Finite Size, Periodic Images, and the Ghosts in Your Box¶

Practical MD topic — no specific Huang chapter. This is the stuff you realize matters after your first 'real' project.

Your simulation box is lying to you about being infinite.¶

Here's a fun thought experiment. You set up a nice 10 nm box of liquid argon. 4,000 atoms. Periodic boundary conditions. You run it, compute \(g(r)\), get a beautiful curve, and move on with your life.

But wait. How big is 10 nm? About 30 atomic diameters across. That's it. Your "bulk liquid" is 30 atoms wide. And every atom in that box is interacting not just with its neighbors, but with an infinite lattice of periodic copies of itself. The "bulk" behavior you're measuring is actually the behavior of a tiny crystal of simulation boxes, tiled to infinity.

Is that OK? Usually, yes. Sometimes, catastrophically no. And knowing the difference is what separates simulation results you can publish from simulation results that belong in the trash.

Let's go.

What periodic boundary conditions actually do¶

Strip away the implementation details, and PBC is a simple trick: when an atom exits the box on one side, it re-enters on the opposite side. The box has no walls. No surfaces. No edges. Topologically, it's a 3D torus.

Why do we need this? Because we're trying to simulate a bulk material. Bulk means no surfaces. But a finite box has surfaces. Those surfaces introduce artifacts: atoms near the boundary behave differently from atoms in the interior. For a 10 nm box, the surface-to-volume ratio is enormous. Most of your atoms would be "surface" atoms.

PBC eliminates surfaces entirely. Every atom sees the same environment in every direction. There's no "edge" of the simulation. From any atom's perspective, the universe looks the same.

Key Insight

PBC doesn't simulate an infinite system. It simulates a small system repeated infinitely. That's a very different thing. Your atoms interact with their periodic images, and the box length becomes a physical parameter of the system. If the box is too small, the periodic images interact with each other in ways that have nothing to do with real physics.

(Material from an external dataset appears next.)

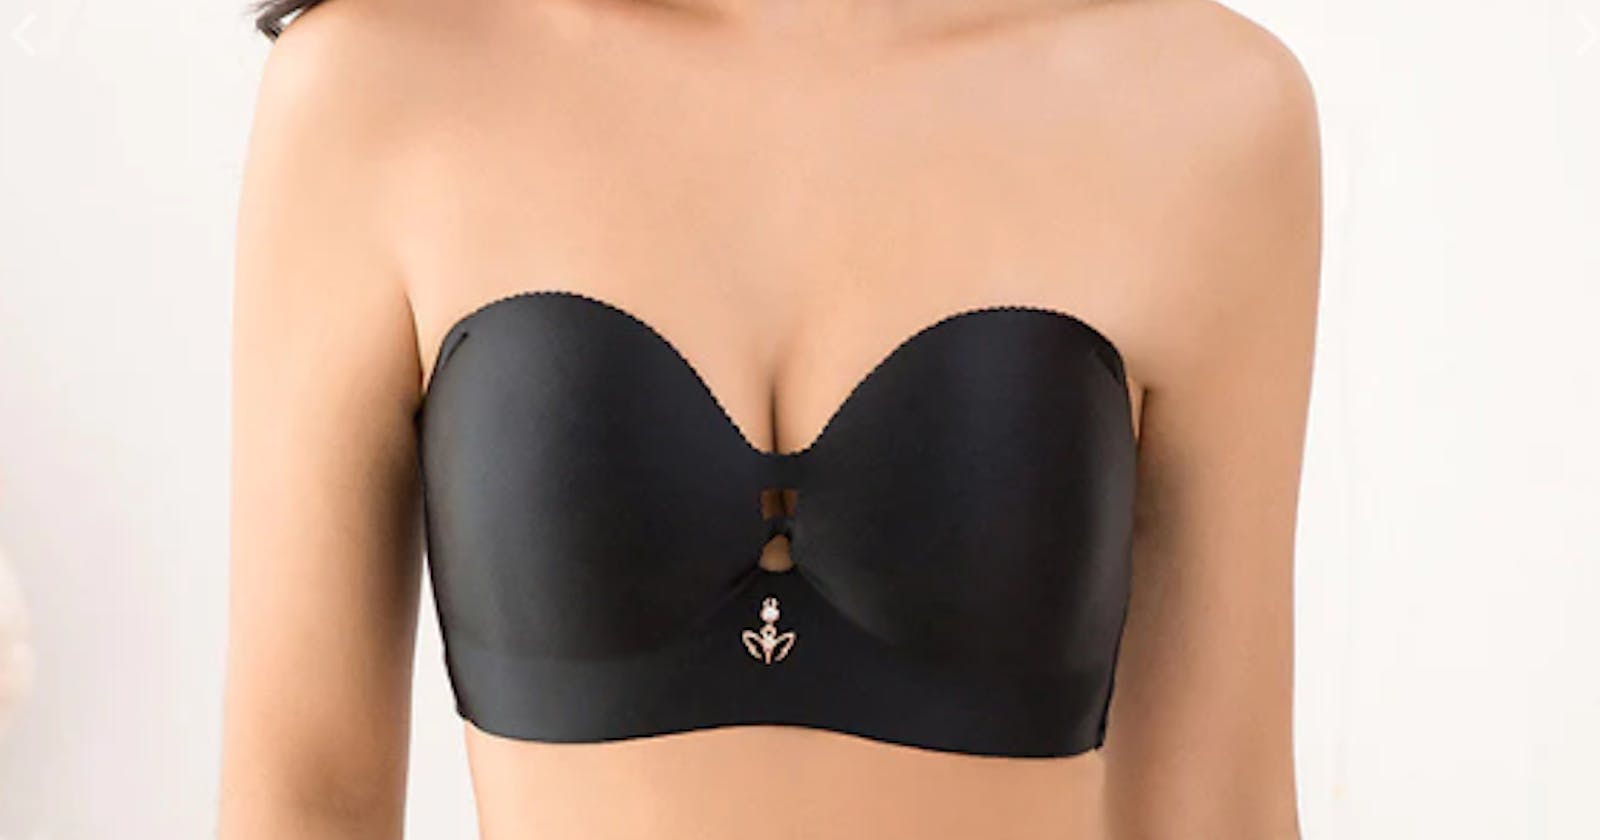 Fabulous One Strapless Bra Reviews: Is this website selling an amazing women's bra?

The minimum image convention¶

Here's the practical question: atom \(i\) is at position \(\mathbf{r}_i\) and atom \(j\) is at \(\mathbf{r}_j\). But \(j\) also has images at \(\mathbf{r}_j + n\mathbf{L}\) for every integer vector \(n\). Which copy of \(j\) should \(i\) interact with?

The minimum image convention says: interact with the closest copy. In a cubic box of side \(L\):

\[\Delta x = x_j - x_i - L \cdot \text{round}\!\left(\frac{x_j - x_i}{L}\right)\]

Same for \(y\) and \(z\). This wraps the displacement vector so that \(|\Delta x| \leq L/2\). Simple. Fast. And it has one critical consequence:

Your interaction cutoff must be less than \(L/2\).

If \(r_\text{cut} > L/2\), an atom could interact with two copies of the same neighbor (the "real" one and its image). That's unphysical. It also means the force on atom \(i\) depends on which image of \(j\) you happen to find first, which is a recipe for energy conservation disasters.

Common Mistake

Setting a cutoff of 12 Å in a box that's 20 Å across. The cutoff (12) is greater than \(L/2\) (10). LAMMPS will warn you about this, but not all codes do. If you see WARNING: Pair cutoff > half of box length, your simulation is broken. Either increase the box or decrease the cutoff.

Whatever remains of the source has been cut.